§ **Work to complete**:
The output is the line containing "نمایندگی تعمیر ماشین ظرفشویی زیمنس در اصفهان" plus every later line down to the end of the listing below, copied exactly. No pictures belong in it.

>>>>>

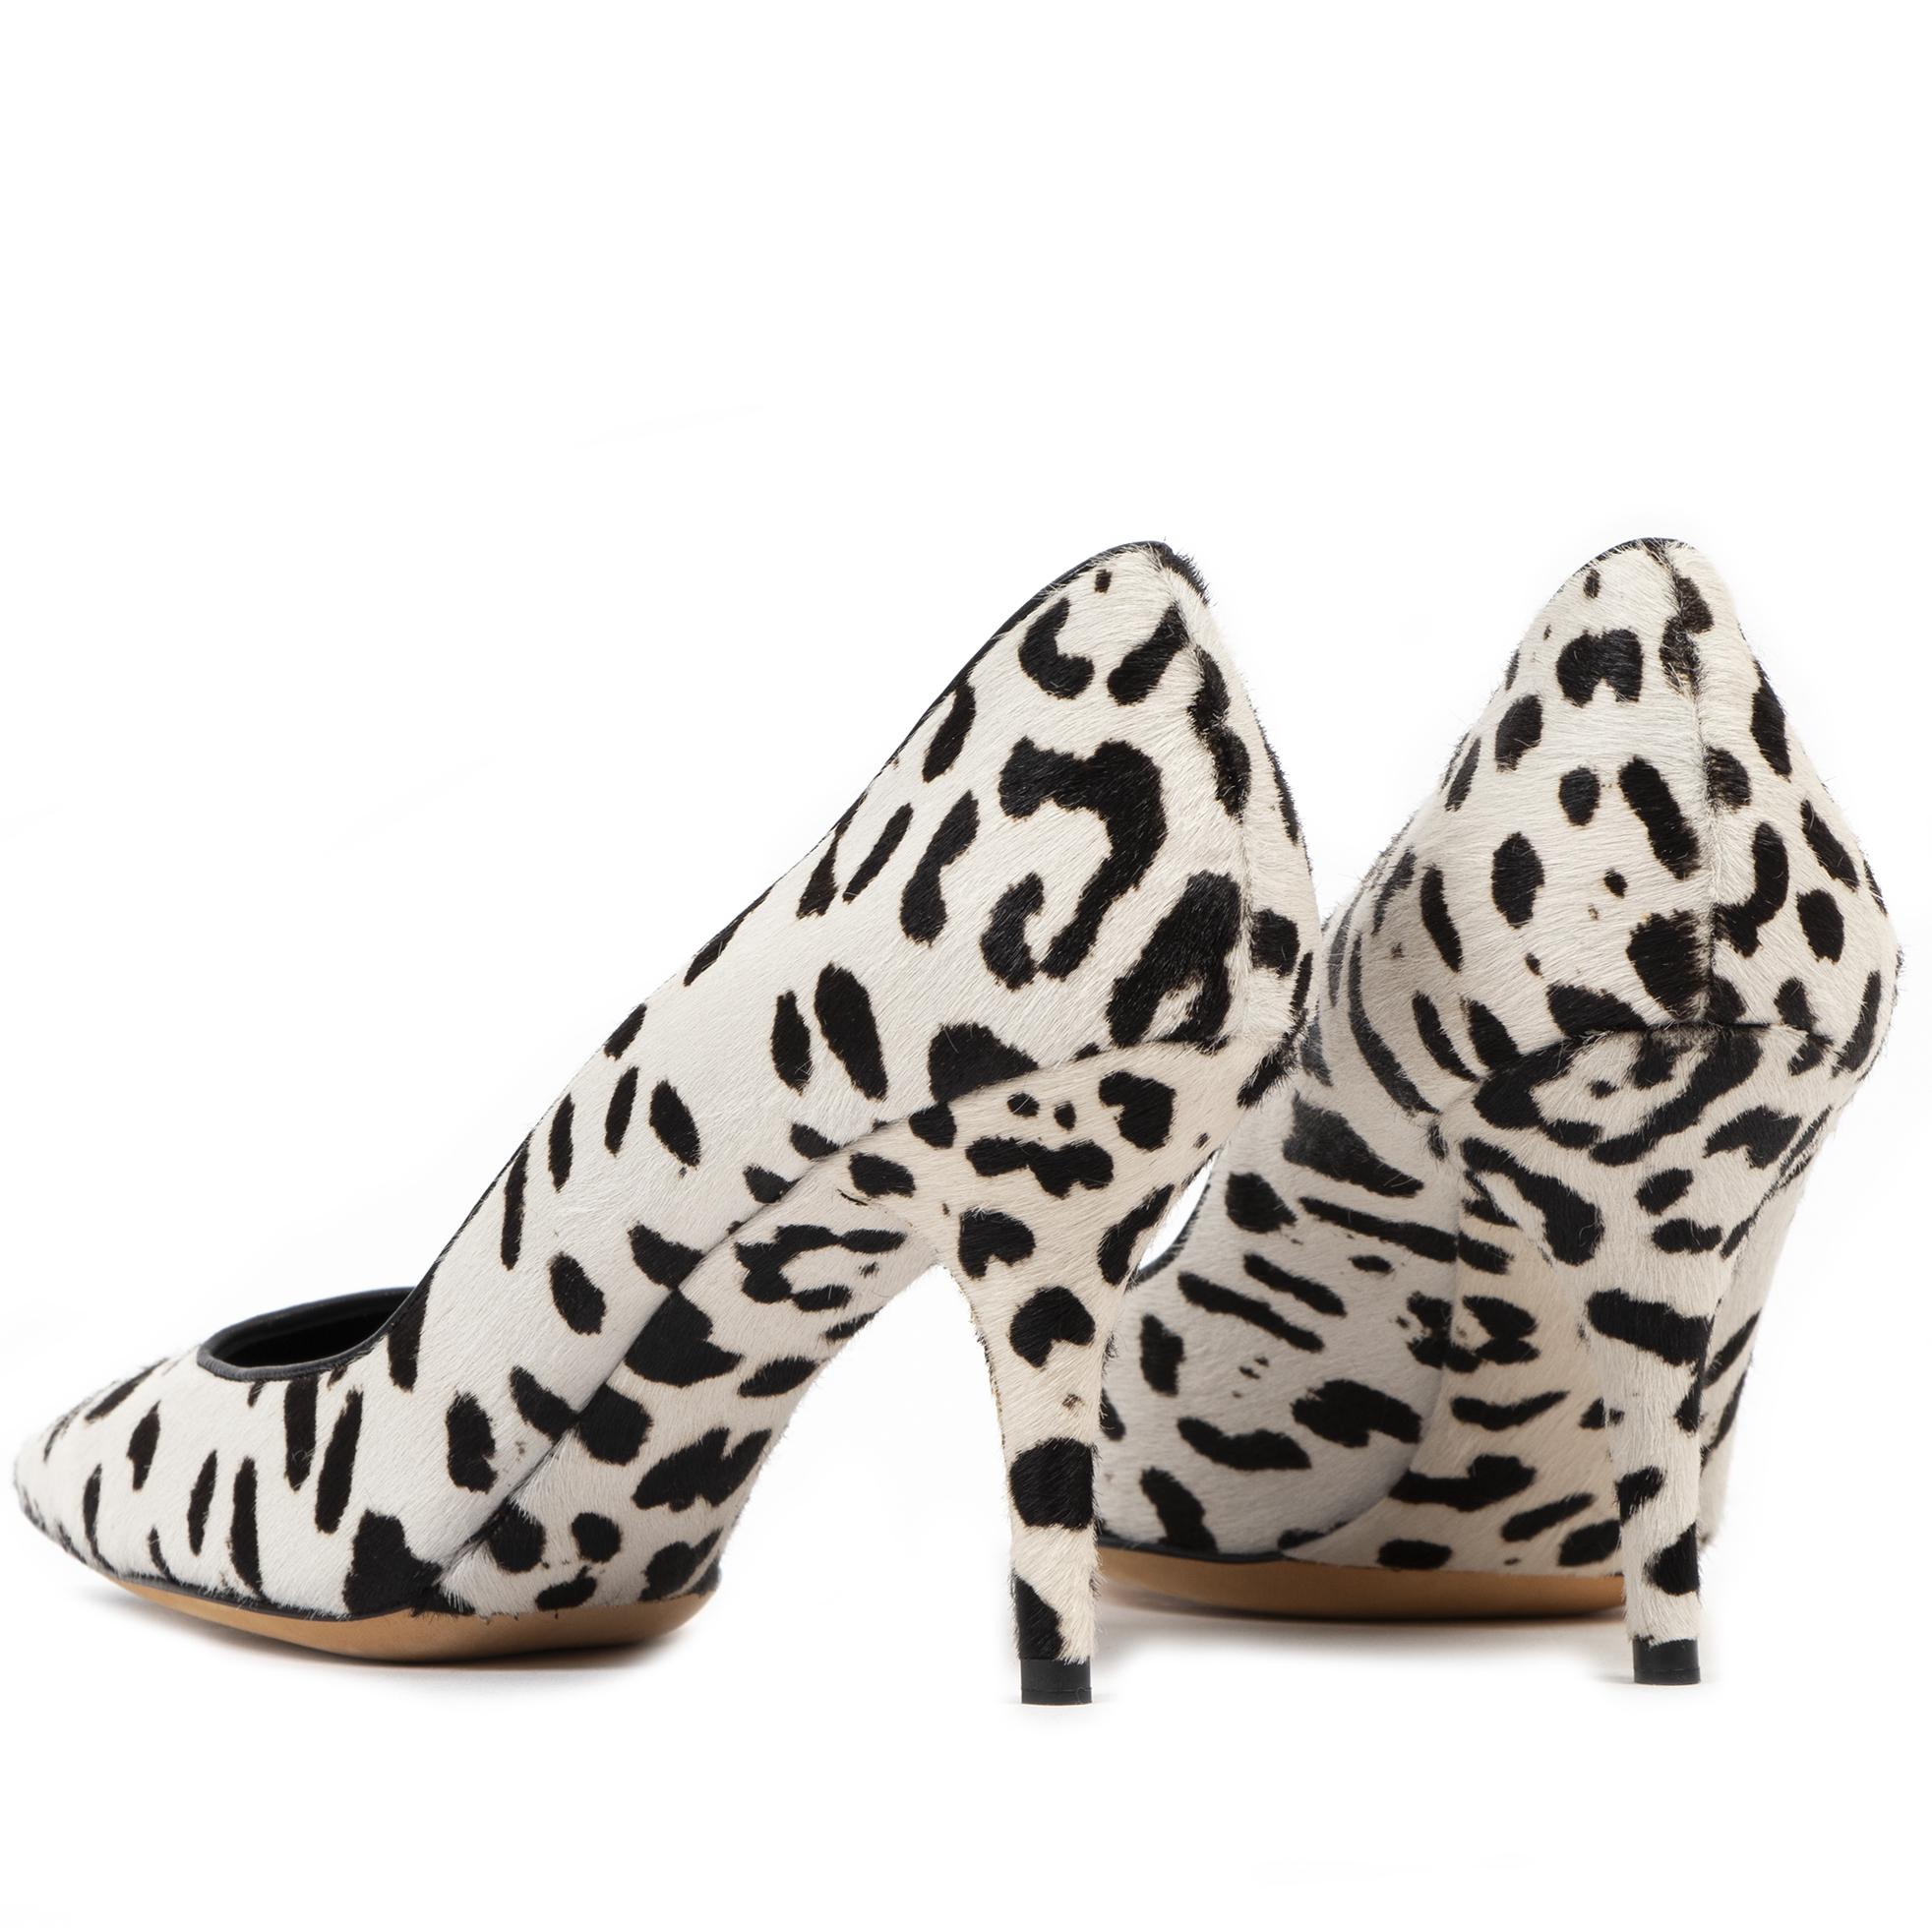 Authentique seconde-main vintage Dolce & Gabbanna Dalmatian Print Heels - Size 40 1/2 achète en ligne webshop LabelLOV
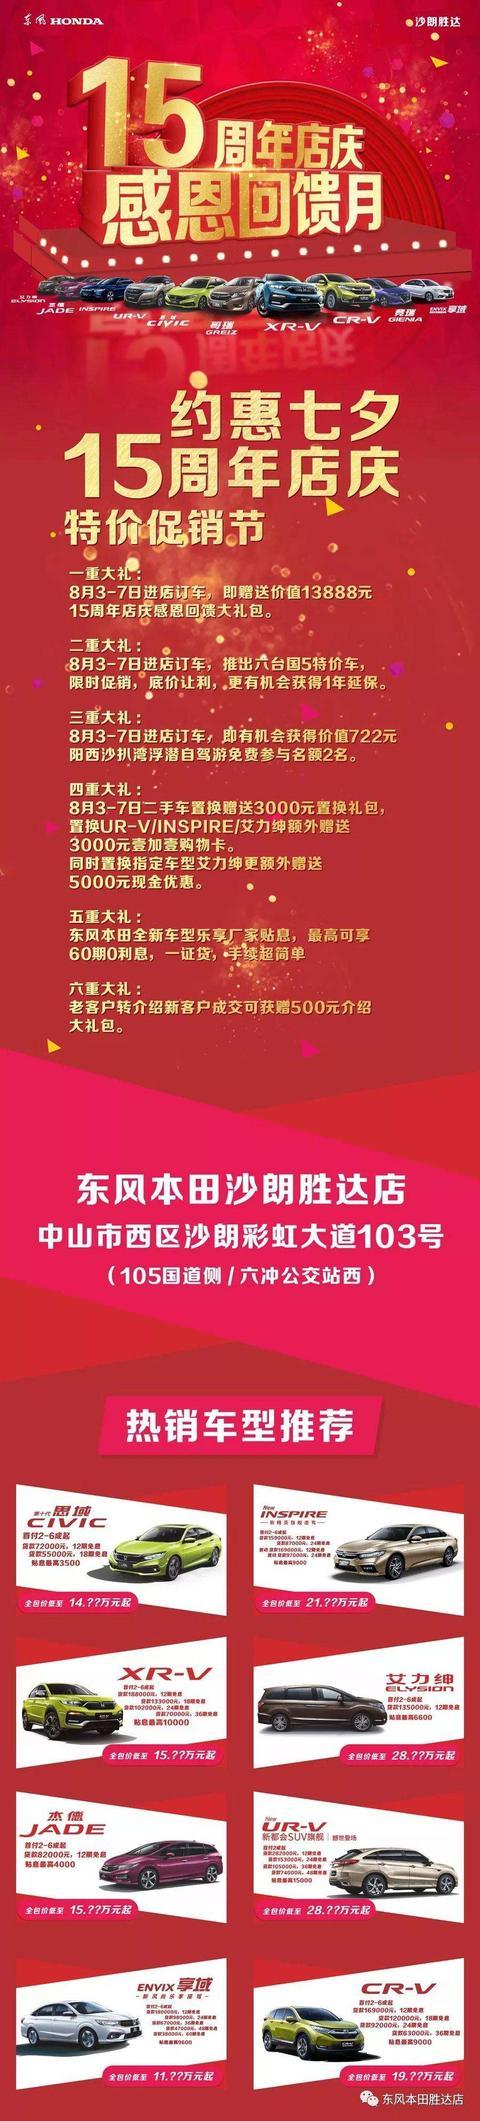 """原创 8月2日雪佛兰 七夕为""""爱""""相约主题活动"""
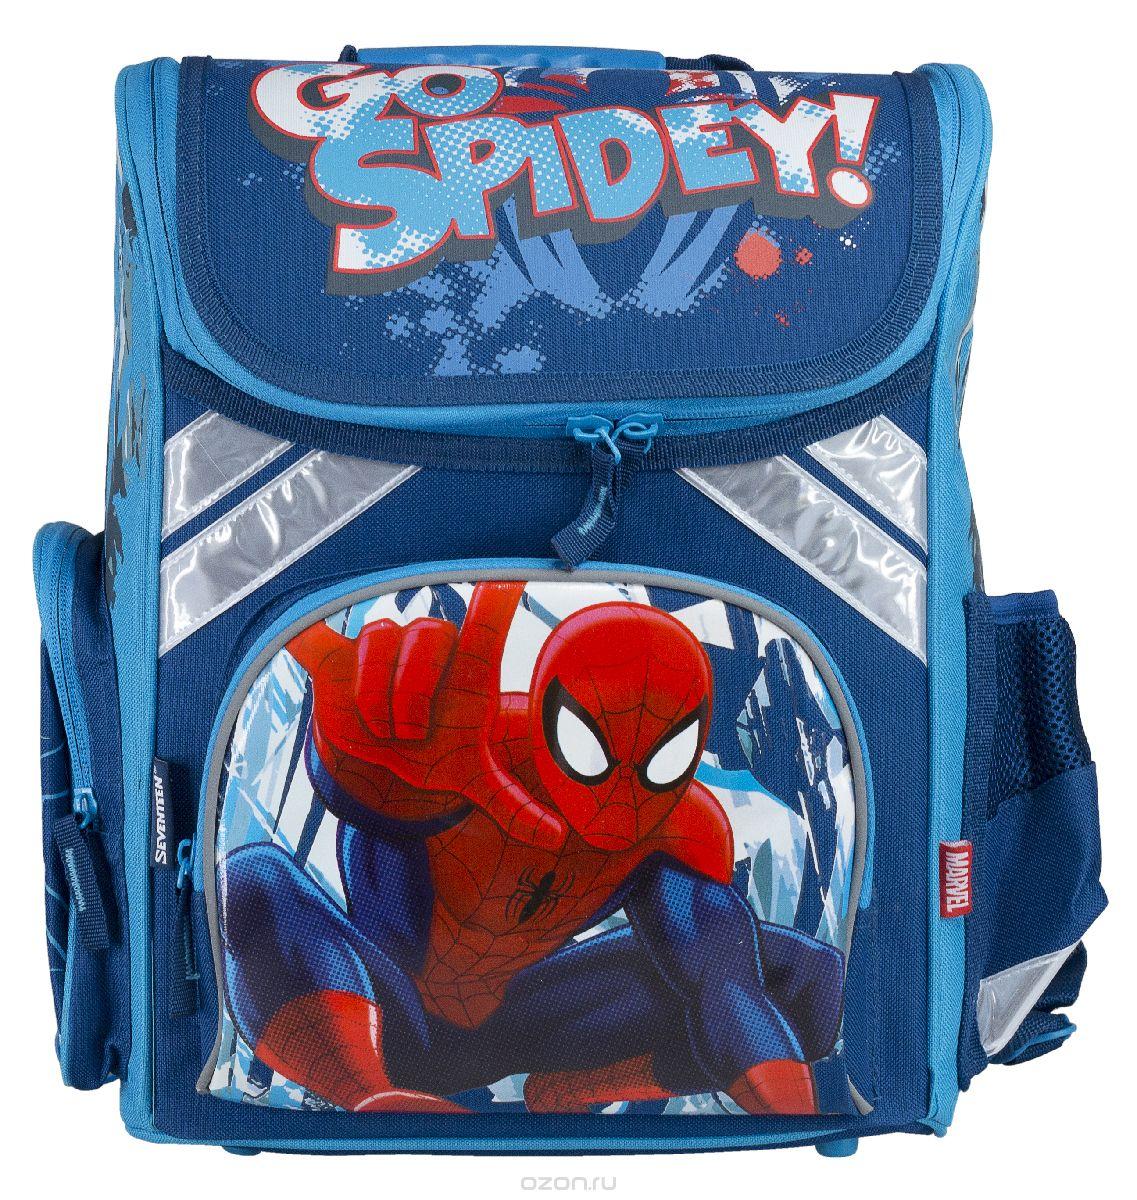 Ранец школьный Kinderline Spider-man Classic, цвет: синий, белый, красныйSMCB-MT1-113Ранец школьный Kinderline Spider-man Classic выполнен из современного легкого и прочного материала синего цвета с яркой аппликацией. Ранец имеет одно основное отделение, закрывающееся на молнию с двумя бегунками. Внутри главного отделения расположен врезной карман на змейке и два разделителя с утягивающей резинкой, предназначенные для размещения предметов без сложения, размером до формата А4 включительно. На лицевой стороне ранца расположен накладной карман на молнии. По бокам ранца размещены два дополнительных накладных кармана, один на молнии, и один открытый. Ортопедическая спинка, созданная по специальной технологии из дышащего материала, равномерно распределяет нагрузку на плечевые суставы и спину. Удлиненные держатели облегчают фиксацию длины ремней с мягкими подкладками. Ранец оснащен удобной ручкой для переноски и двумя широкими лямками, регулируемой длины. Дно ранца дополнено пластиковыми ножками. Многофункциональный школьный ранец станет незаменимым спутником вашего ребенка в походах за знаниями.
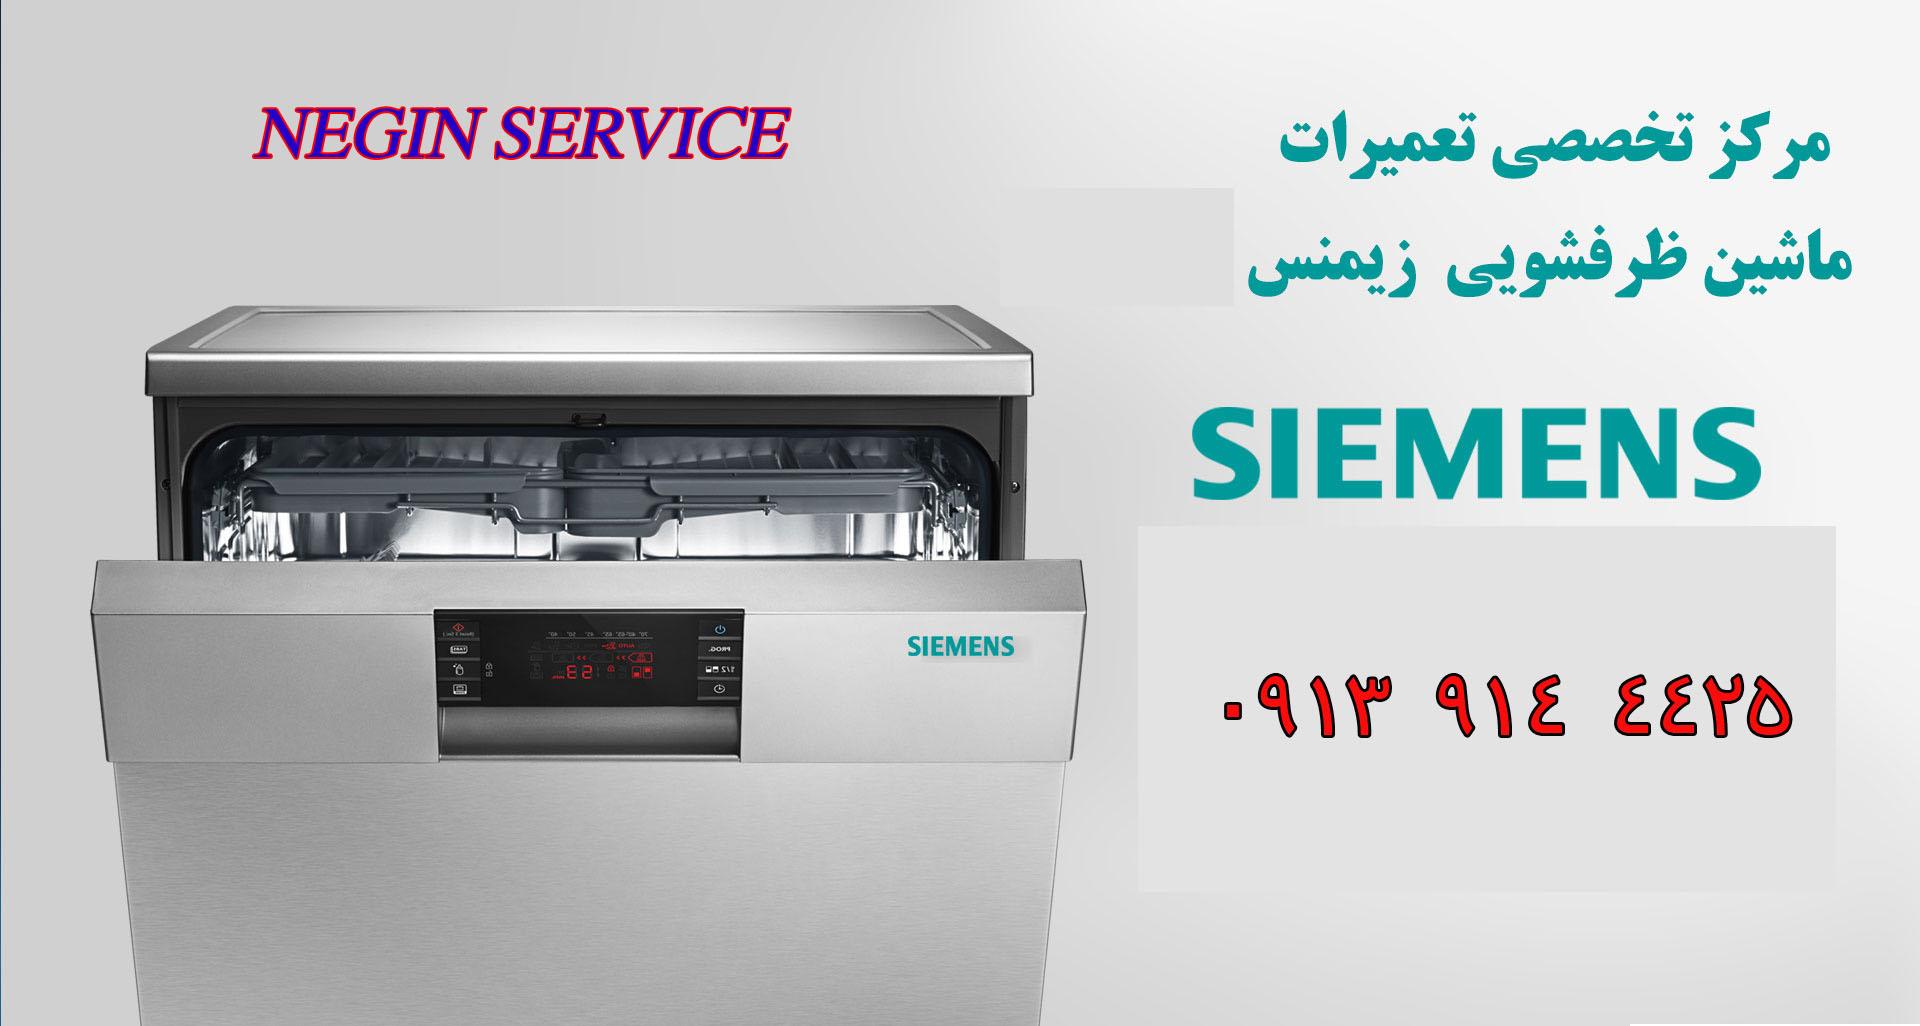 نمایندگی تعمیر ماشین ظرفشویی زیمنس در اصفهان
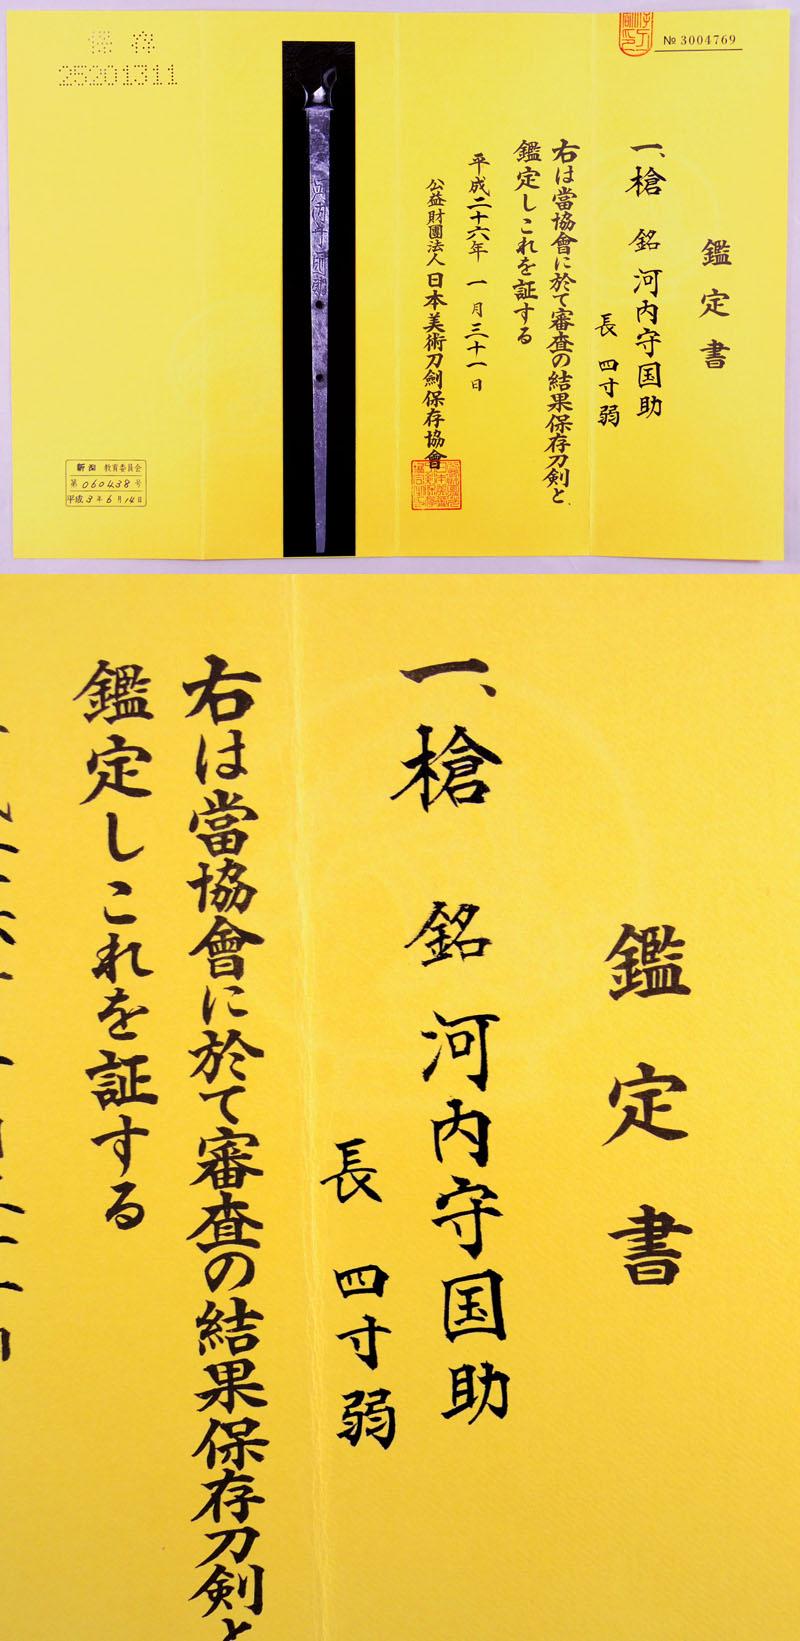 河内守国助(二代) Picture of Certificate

<<<<<

§ **Result of this exercise**:
 نمایندگی تعمیر ماشین ظرفشویی زیمنس در اصفهان
 河内守国助(二代) Picture of Certificate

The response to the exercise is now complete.